LA GASTRONOMÍA CANARIA, UN MUNDO DE SABORES

La gastronomía canaria procede, en gran parte, del legado de los aborígenes, del aprovechamiento de los recursos que ofrece el entorno y de los sucesivos intercambios con América, el resto de España y, ahora, debido a la actividad turística, con los países europeos. La sabia combinación de todos esos ingredientes ha dado como resultado una gastronomía peculiar y rica, aunque algo desconocida.

Los antiguos canarios vivían en cuevas y chozas, y dedicaban su actividad principal a la ganadería y, en menor medida, a la agricultura. Su alimentación era bastante parca, basada en los recursos que la tierra y el mar ponían a su alcance; conocían el fuego y molían la cebada tostada entre piedras; así obtenían el gofio, aunque éste también procedía de raíces, especialmente las de helechos, que se tostaban como el cereal. La dieta aborigen incluía también pescados y mariscos, como lapas, bígaros (burgados), gambas, sardinas y pequeños atunes que pescaban en la costa porque carecían de los medios necesarios para lanzarse mar adentro; también comían frutas y bayas silvestres y miel, además de la leche y la carne procedentes del pastoreo de cabras y cerdos. De ahí parte la influencia de los productos ganaderos en la cocina canaria actual, y la larga tradición de los derivados lácteos ya que, según los arqueólogos, los pueblos prehispánicos se nutrían con el “tabefe” y el suero; no extraña que supieran cómo conservar la leche, aunque parece muy poco probable que conocieran las técnicas de elaboración del queso, introducidas en el archipiélago a finales del siglo XV.

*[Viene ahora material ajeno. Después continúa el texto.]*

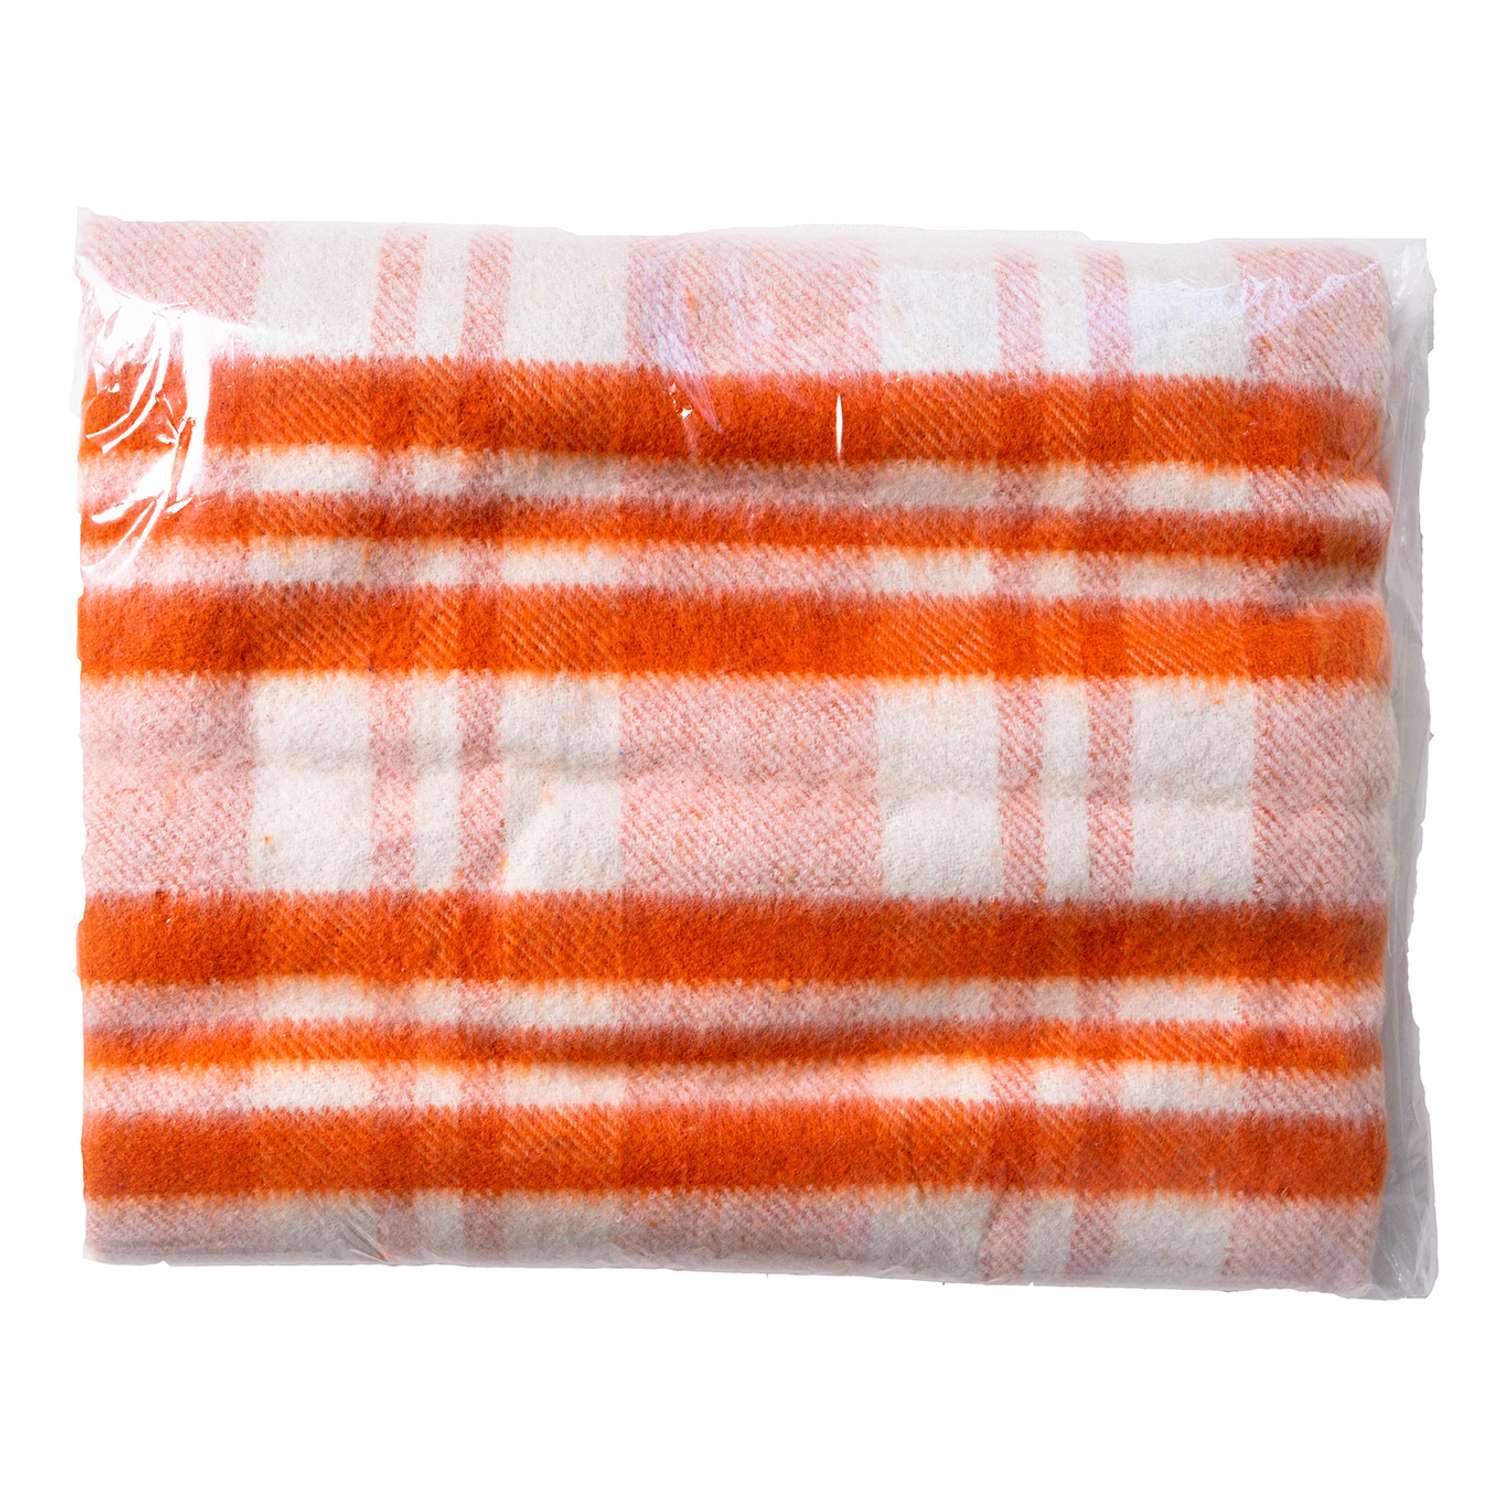 Одеяло байковое Суконная фабрика г. Шуя 140х205 рисунок мадрид оранжевый - фото 1
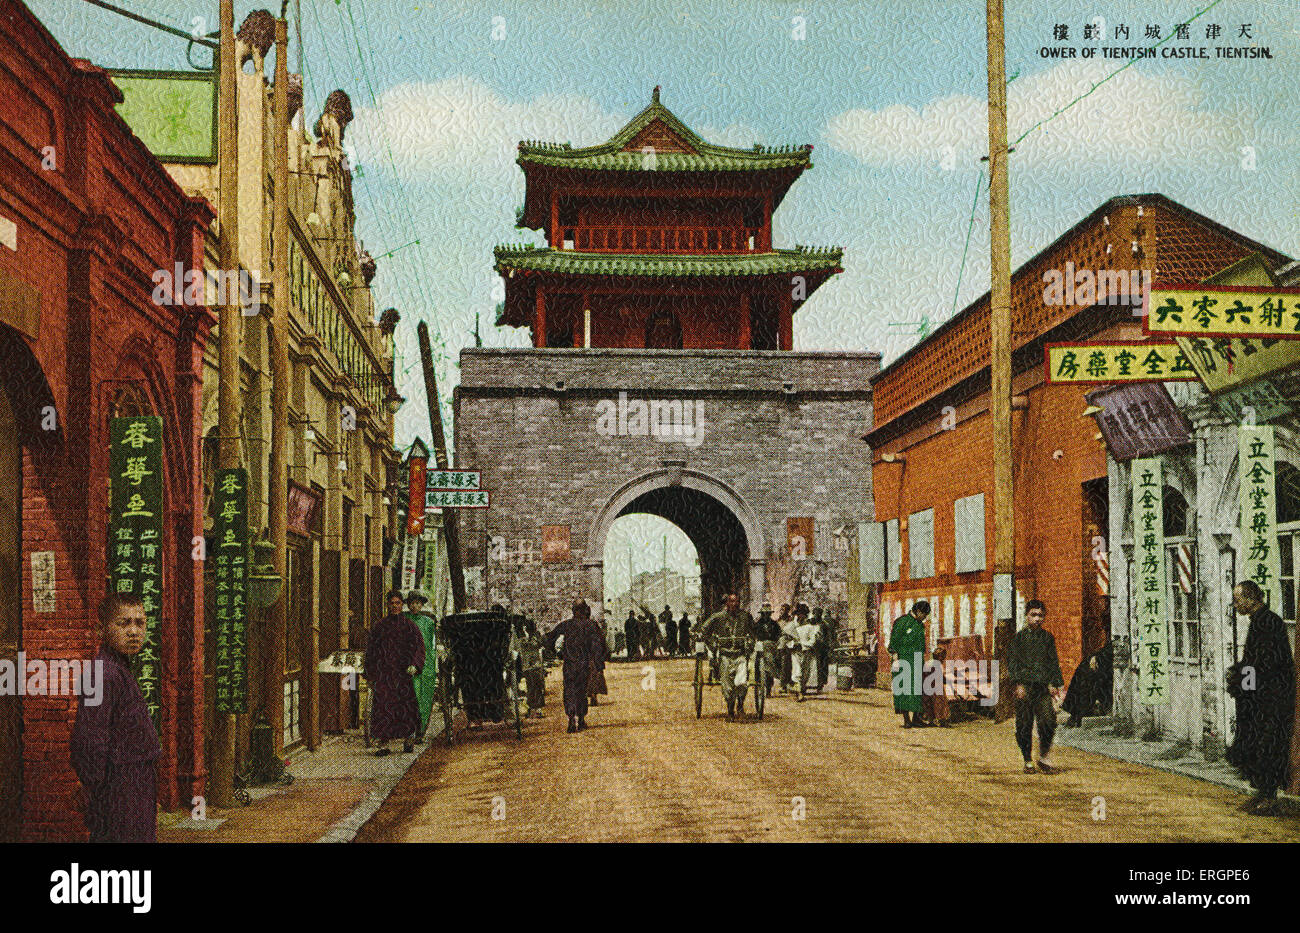 Tour de château, Tientsin / Tianjin, Chine Tientsin. Scène de rue. Banque D'Images

Desde entonces, y a través de la amplia relación con Centro y Suramérica y la España peninsular, la agricultura isleña incorporó otros cereales como el maíz, tubérculos como la papa, frutas como el plátano y hortalizas como el tomate, que no sólo han tenido, y tienen, un importante papel en la economía canaria, sino también un destacado lugar en su gastronomía.

Con todos los ingredientes aportados por los aborígenes y por los pobladores que llegaron después, la cocina canaria ha llegado a tener una personalidad bien definida, caracterizada por su escaso contenido en grasas, debido seguramente a que se elabora en un clima cálido, y por su peculiar utilización de las plantas olorosas, como cilantro, orégano, tomillo, perejil y hierbahuerto u hortelana, nombre isleño con el que se conoce la hierbabuena.

La mesa canaria, según los expertos, se asienta en las cuatro patas que conforman el potaje (de berros, jaramago o cilantro), el caldo de pescado, el puchero y el sancocho. A estas columnas habría que añadir otros platos realizados con conejo, cerdo, cordero, y cabrito, la llamada ropa vieja, el salpicón de carne y pescado, las viejas aderezadas con mojo, los pejines, los tollos y las papas arrugadas hervidas con mucha sal y servidas sin pelar y rociadas con cualquier variedad de mojo, salsa compuesta por aceite, vinagre, sal, pimienta, pimentón y comino.

El queso es un alimento importantísimo, considerado como “conduto” o acompañante inseparable de cualquier plato; aparece en todas las comidas como complemento de potajes, gofio amasado e incluso, de la cebolla cruda.

También merecen especial mención los postres, que gracias a recetas seculares, sacan un excelente partido de los productos de la tierra y se caracterizan por su gran variedad; sirvan de ejemplo, el frangollo, el bienmesabe, las rapaduras de La Palma, la cuajada de La Gomera, los bizcochos de Moya, los pasteles de Los Realejos y las quesadillas de El Hierro. Por último, el gofio omnipresente, usado en el sancocho y para espesar los potajes, se ha incorporado también al capítulo de la repostería.

Gastronomía, ferias y celebraciones están ligadas en Canarias como en cualquier otra región del mundo. Todas las fechas grandes del año, llámense Navidades, fiestas patronales o Carnavales, cuentan con sus propias golosinas. Algunas de las más apreciadas son la leche asada, la quesadilla herreña, las lengüillas de Guía, los turrones y roscos y, más recientemente, el helado de gofio.

Hasta hace pocos años, no había “recogida de papas” que no acabara con el ritual del sancocho, en torno al cual se congregaban las familias que participaban en la cosecha.

En las romerías se ofrendan productos de la tierra al patrón/a de la localidad. Fiestas locales y estacionales como la floración del almendro o la recogida de la lisa en las Fiestas del Charco en San Nicolás de Tolentino tienen un enorme arraigo popular.